Journal De Montreal: Trump miscalculated attack on Iran, region braces

journal de montreal says President Donald Trump badly miscalculated before launching strikes against Iran; analysts warn the country retains the ability to disrupt the Gulf and global markets. Updated March 15, 2026 at 00: 25 ET. The piece argues the terrain, asymmetric weapons and Iran’s willingness to threaten shipping mean the conflict could drag on and keep oil prices high.

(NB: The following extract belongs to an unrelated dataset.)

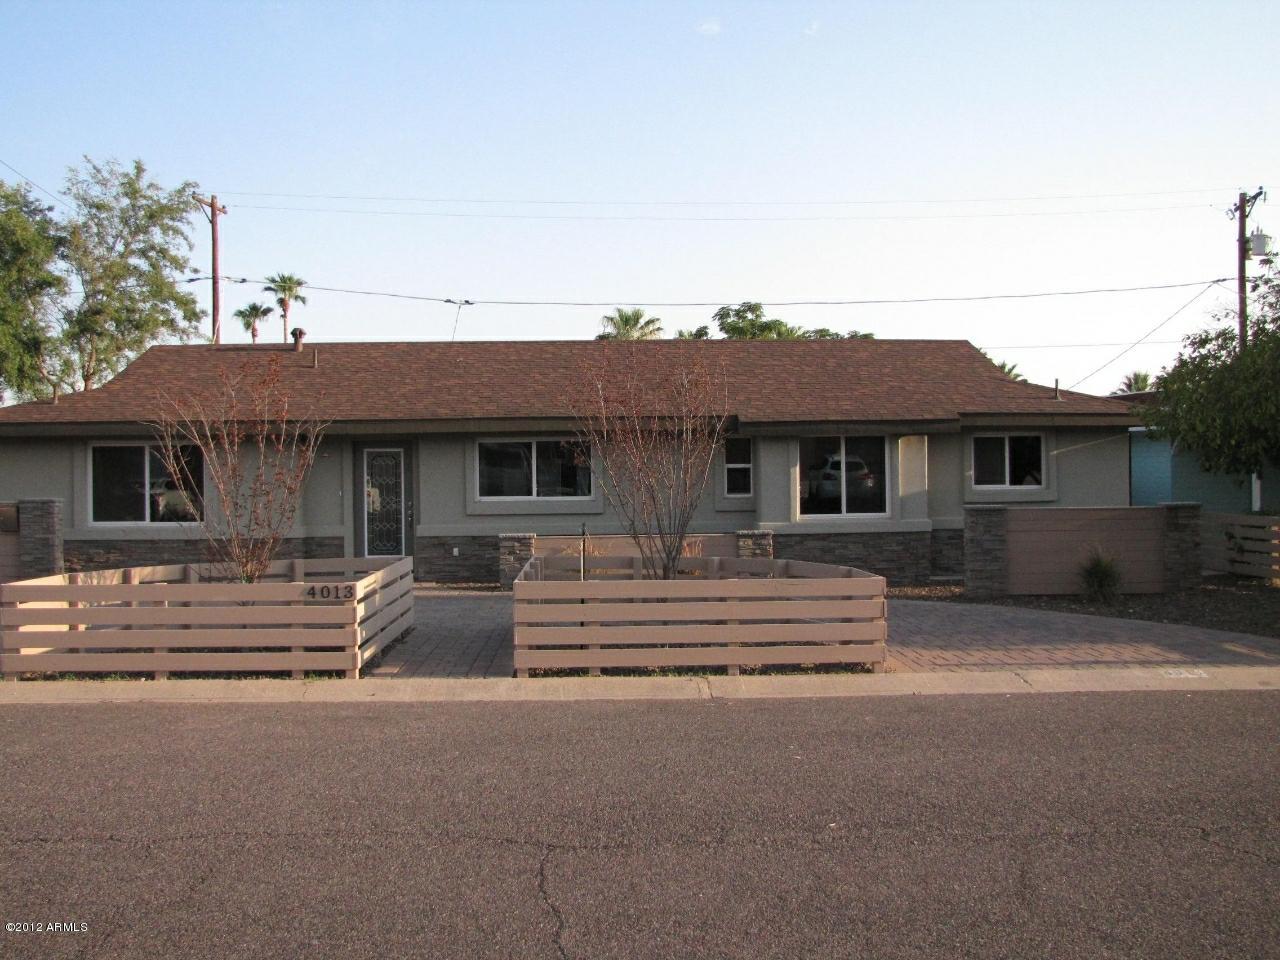 4013 E Heatherbrae Drive, Phoenix, AZ 85018 (MLS #4823114) :: The Daniel Montez Real Estate Group

Journal De Montreal analysis: Immediate facts and fallout
The central claim in the journal de montreal brief is stark: overwhelming conventional strikes have not eliminated Iran’s capacity to inflict damage across the Gulf. The analysis notes Iran’s stated threat to fire on any vessel — including large tankers — that transits the Strait of Hormuz, and highlights how limited equipment from shore batteries, missile launchers or drones can endanger ships in that narrow channel. Three commercial vessels were struck near the Strait recently, one of them a bulk carrier that caught fire after leaving a Gulf port.
Immediate reactions from leaders and commanders
Donald Trump, President of the United States, said the operation could end “soon” and later asked rhetorically, “We don’t want to leave before the hour, right? We must finish the job, no?” Ali Fadavi, representative of the army, warned Washington of a long campaign and threatened a “war of attrition” aiming to “destroy the entire American economy as well as the world economy. ” Amir Saeed Iravani, Representative of Iran to the United Nations, declared that “more than 1348 civilians” had been killed since the onset of the campaign.
The journal de montreal commentary frames these remarks as evidence of a widening confrontation in which military advantage on paper has not erased the opponent’s capacity to inflict strategic harm. The piece stresses that without boots on the ground to seize and hold the rugged shorelines, securing the Strait will remain effectively impossible.
Quick context
The journal de montreal column uses a fable to argue that brute force can leave a stronger actor exposed to persistent, damaging retaliation. It also links continued threats in the Strait of Hormuz to sustained pressure on oil markets and financial volatility.
What’s next — risks, markets and diplomatic pressure
Expect tense weeks ahead: more strikes and counterstrikes, continued threats to commercial shipping, and volatile oil prices that feed market anxiety. The journal de montreal piece concludes that, unless a new diplomatic breakthrough appears, both military measures and economic disruption could persist — and that political limits will constrain any U. S. decision to deploy ground forces to neutralize the coastal threat.
Time-sensitive details in this dispatch are timestamped: updated March 15, 2026 at 00: 25 ET. The unfolding choices by leaders and commanders named here will determine whether the campaign shortens or becomes a protracted contest that continues to unsettle energy markets and regional stability.